EXERCISE GOAL: Everything from the line containing "Amazing Vase 3d" through the last line of the listing below should be returned exactly, except for pictures.

COLLECTED MATERIAL:
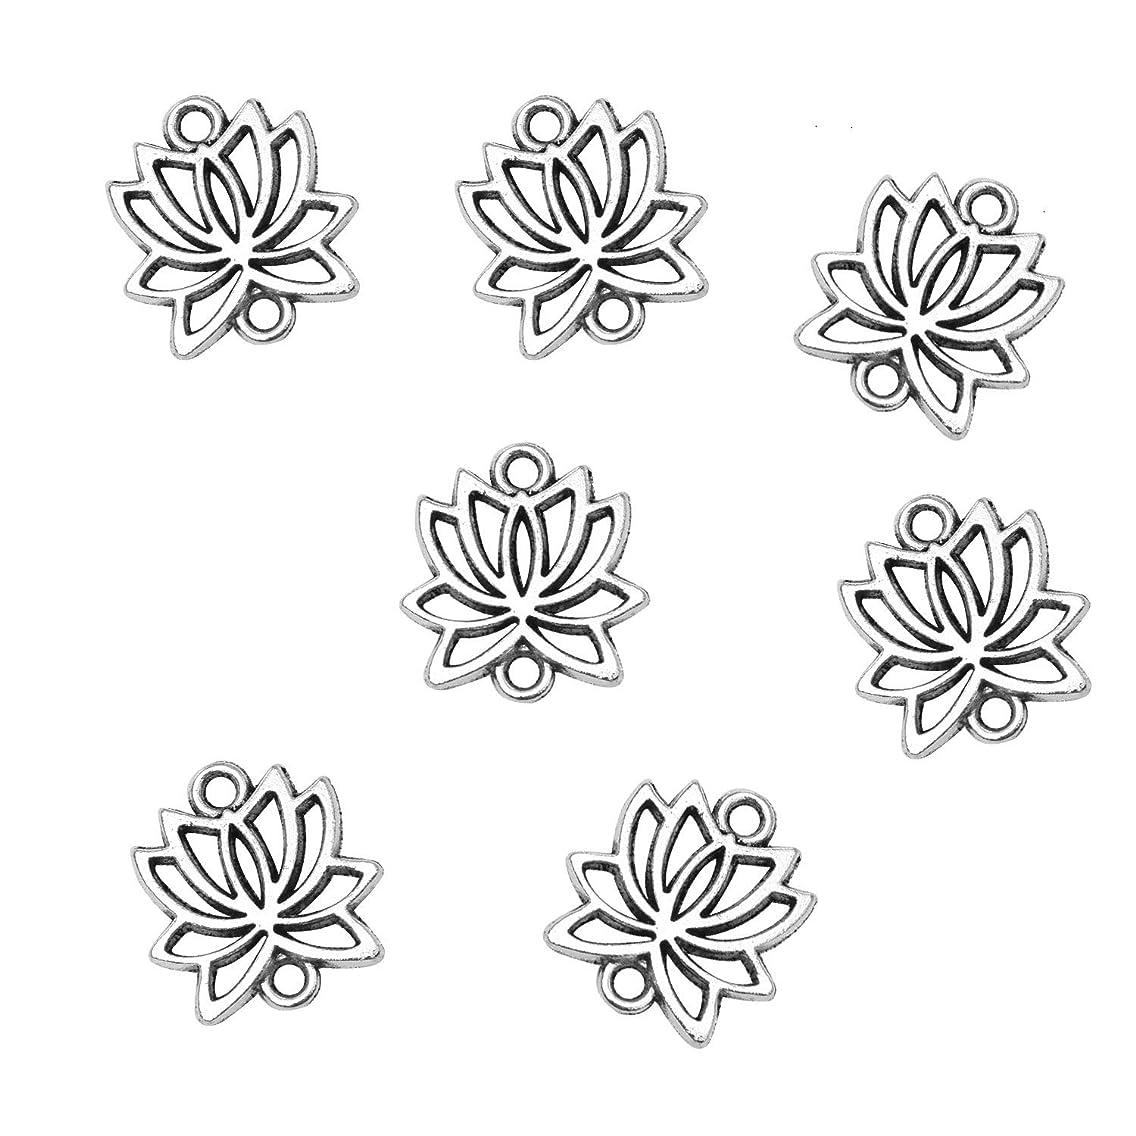 Monrocco 100 Pcs Antique Silver Tone Alloy Metal Lotus Flower Connector Charm Pendant Bulk Bracelets Charm for Jewelry Making
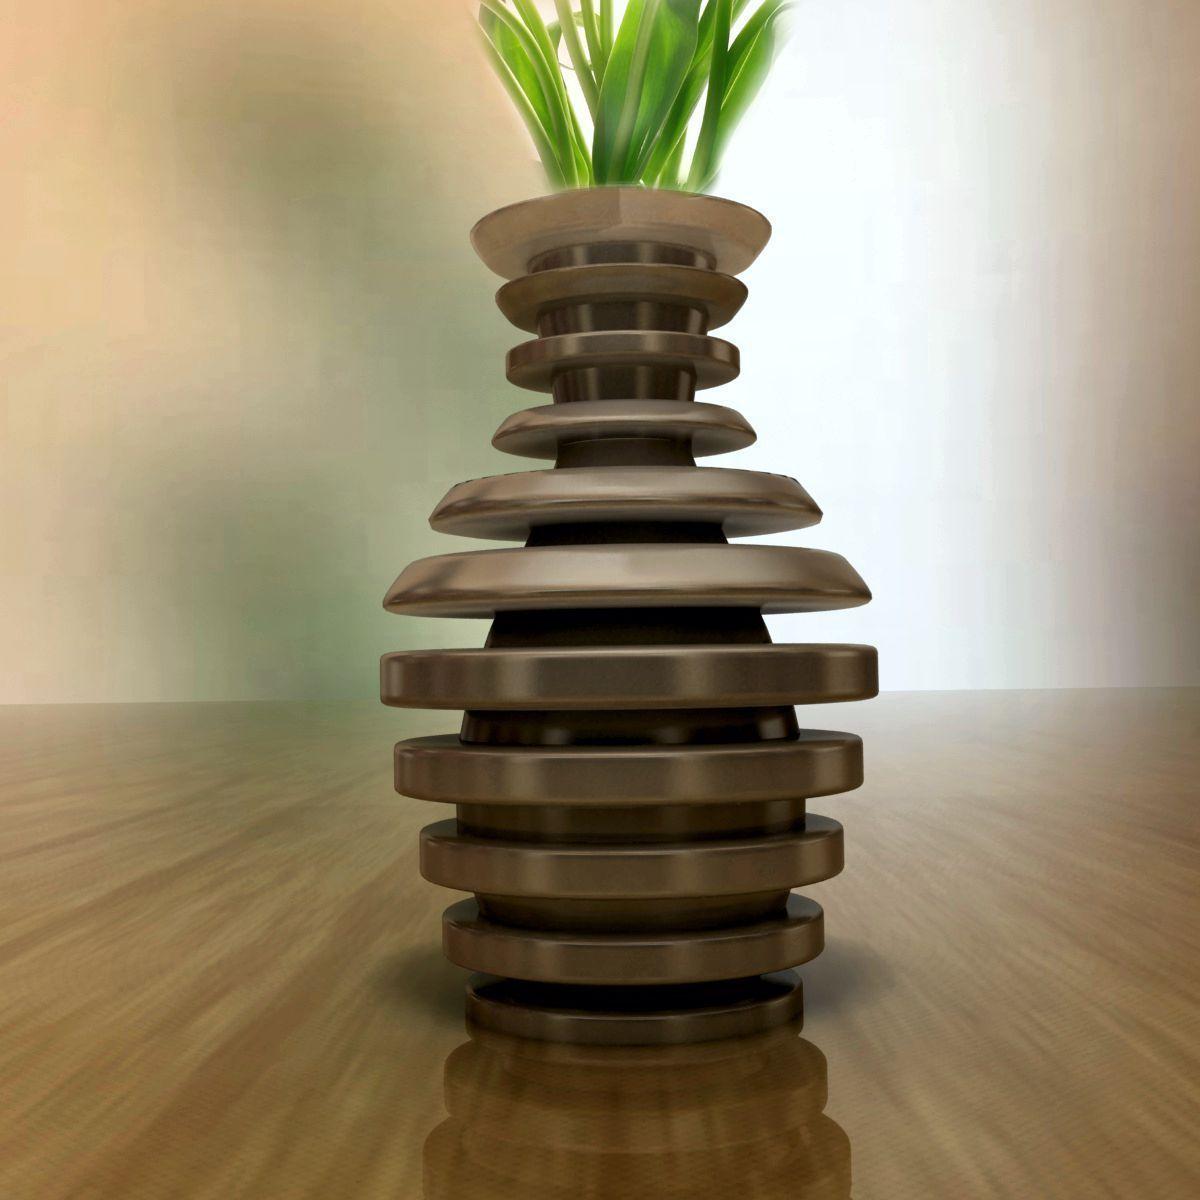 Amazing Vase 3d Model 3d Printable Stl Cgtrader Com
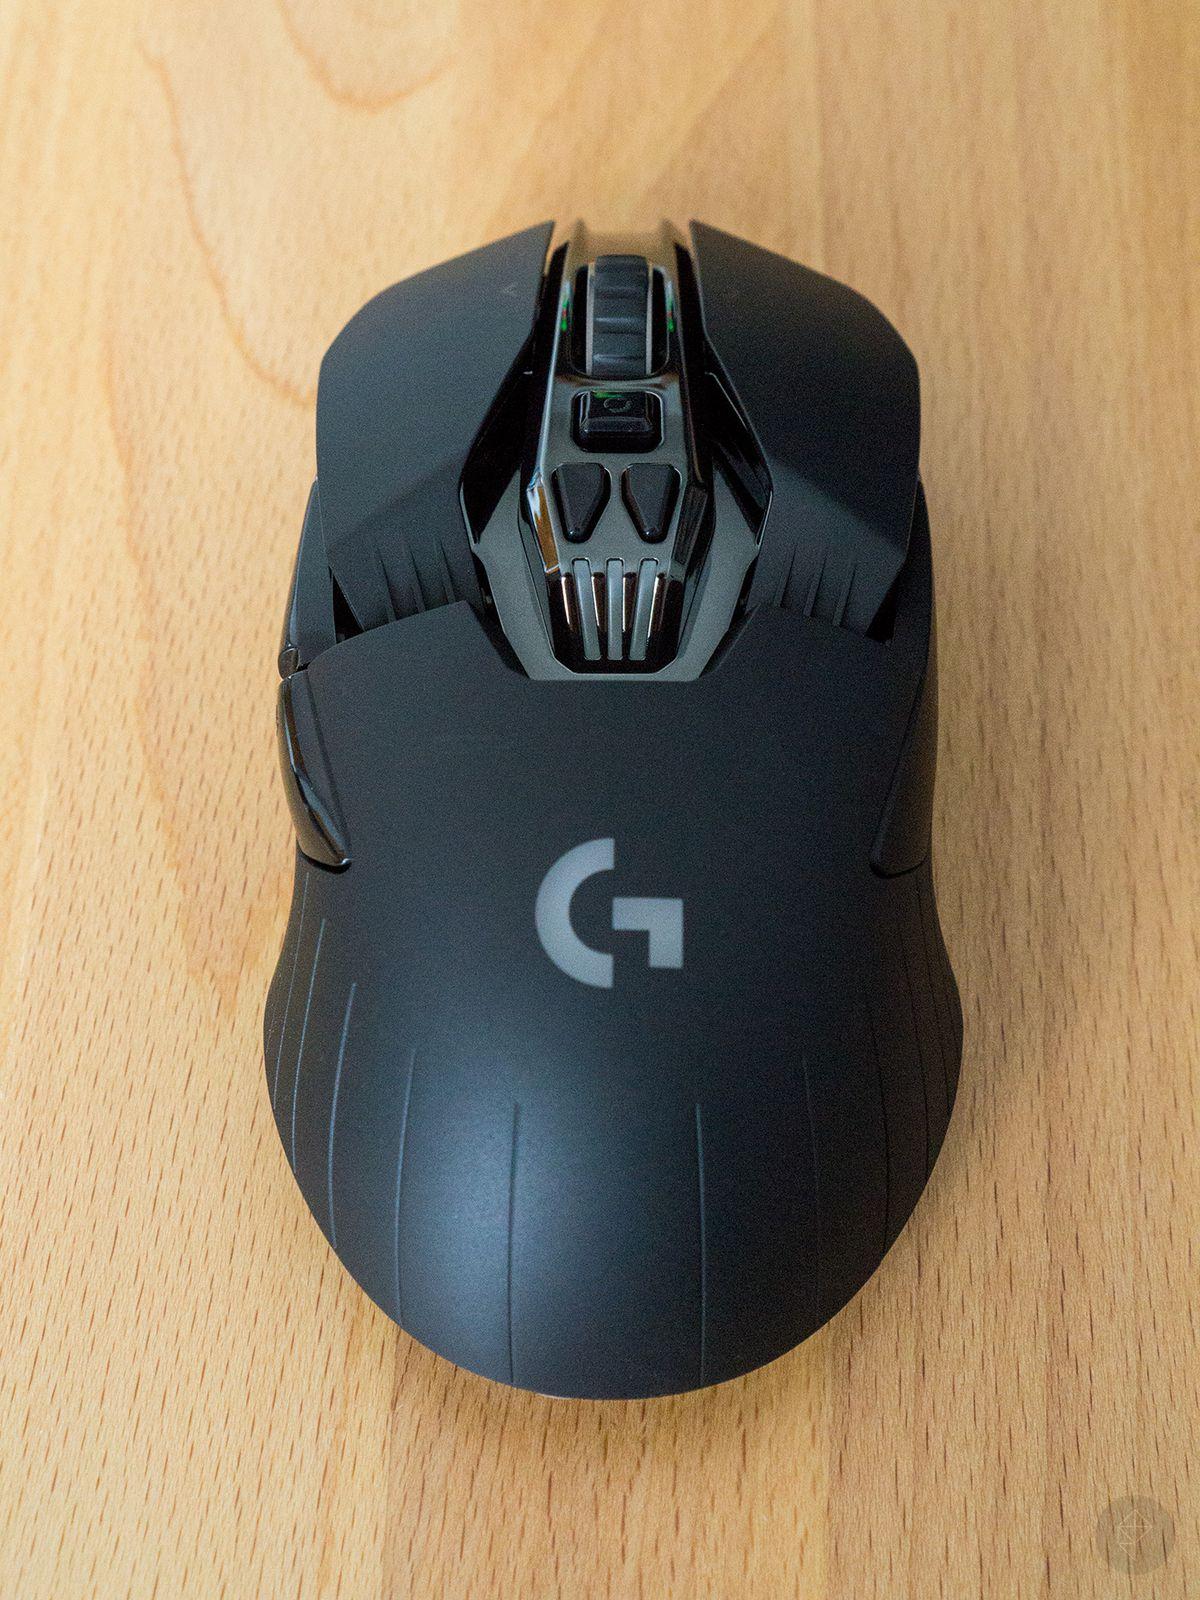 Logitech G900 photo 02 (Poly wm) 1440

WRITTEN ANSWER:
 Amazing Vase 3d Model 3d Printable Stl Cgtrader Com
 Logitech G900 photo 02 (Poly wm) 1440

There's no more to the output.